The levels of sequence differences between higher plant mtDNA from different orders are low, less than that observed between human and chimp mtDNAs. For example, the rps2 sequences representing the deeply diverging dicot orders Laurales and Magnoliales – separated by roughly 150 million years (Bergthorsson et al, 2003) – have only two nucleotide differences across 474 sites: G → T transversions at positions 89 and 263. The 1.2 kb-long atp1 sequences from the gymnosperm Ginkgo and the angiosperm Illicium, separated by about 300 million years (Kim et al, 2004), have only 6% nucleotide differences (Bergthorsson et al, 2004). By comparison, human and chimp sequences for the 1.8-kb long nad5 gene from mtDNA have nearly twice as much (11%) differences. The extremely low rate of substitution in higher plant mtDNA makes it amenable to using conserved primers (Bergthorsson et al, 2003, 2004), but low numbers of substitutions alone does not distinguish whether the PCR products obtained are mtDNA or numts (Bensasson et al, 2001; Thalmann et al, 2004). Adding to these uncertainties is the issue of RNA editing, the C → T changes of which affect over 20 codons each in 10 different reading frames of Arabidopsis mtDNA (Geige and Brennicke, 1999). Little is known about the prevalence and among-gene distribution of mitochondrial editing in other higher plant lineages. Other reports for plant-to-plant LGT have also appeared recently (Won and Renner, 2003) but they, too, involved exclusively mtDNA and very small numbers of remarkably distributed sequence differences. There is also the issue of current phylogenetic methods themselves, which are anything but error-free (Holland et al, 2004).

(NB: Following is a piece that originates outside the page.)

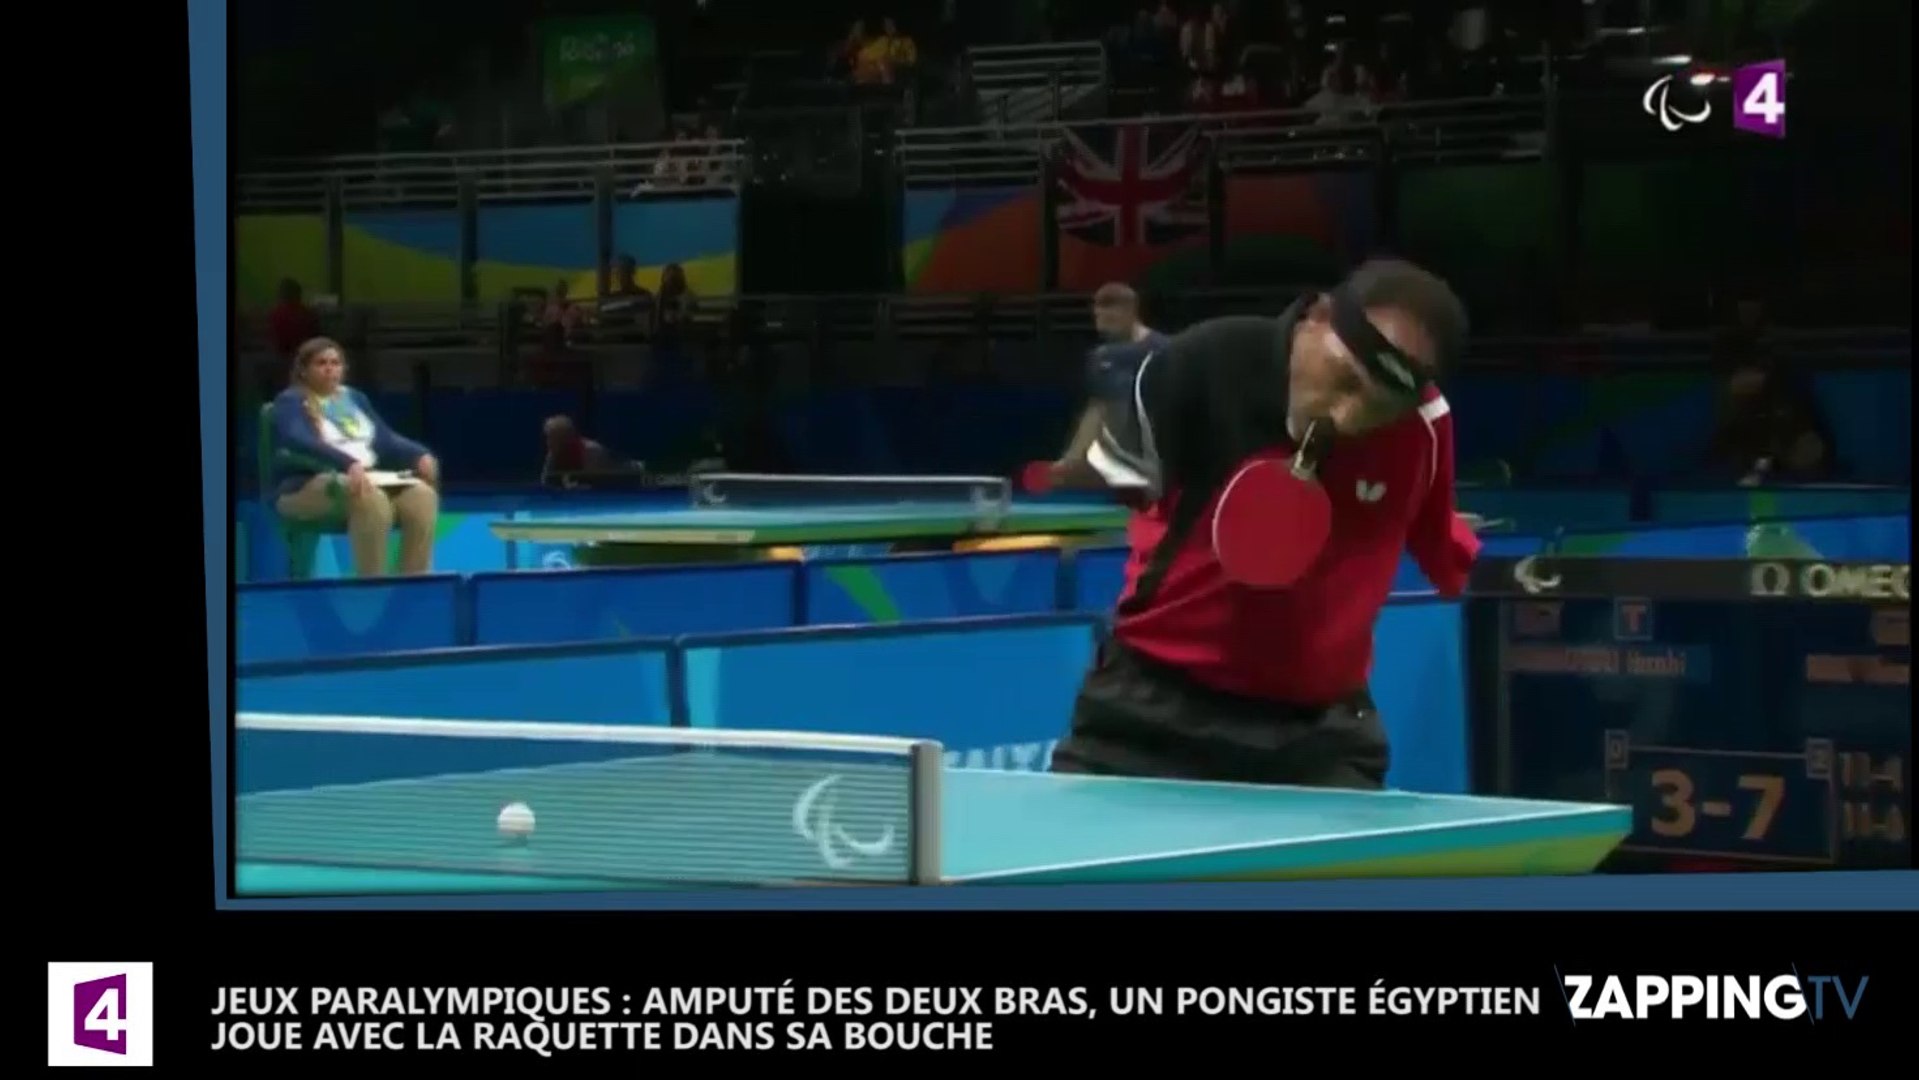 Jeux paralympiques. Tennis de table : amputé des deux bras, Ibrahim Hamato  entretient la flamme

None of this is to say that the mechanisms and amounts of LGT inferred in the recent findings from plant mtDNA cannot be true. However, the inferences of LGT via meterorites, LGT from the past to the present, and more frequent LGT among shrubs than among prokaryotes are rather surprising. It is prudent, therefore, to consider possible alternative explanations. After all, dinosaur bone DNA once caused quite a stir, but it turned out to be a numt (Zischler et al, 1995). Thus, it will be of interest to see this new LGT evidence corroborated by independent experimental approaches that circumvent PCR and to see its biological significance for the process of heredity among the organisms in question.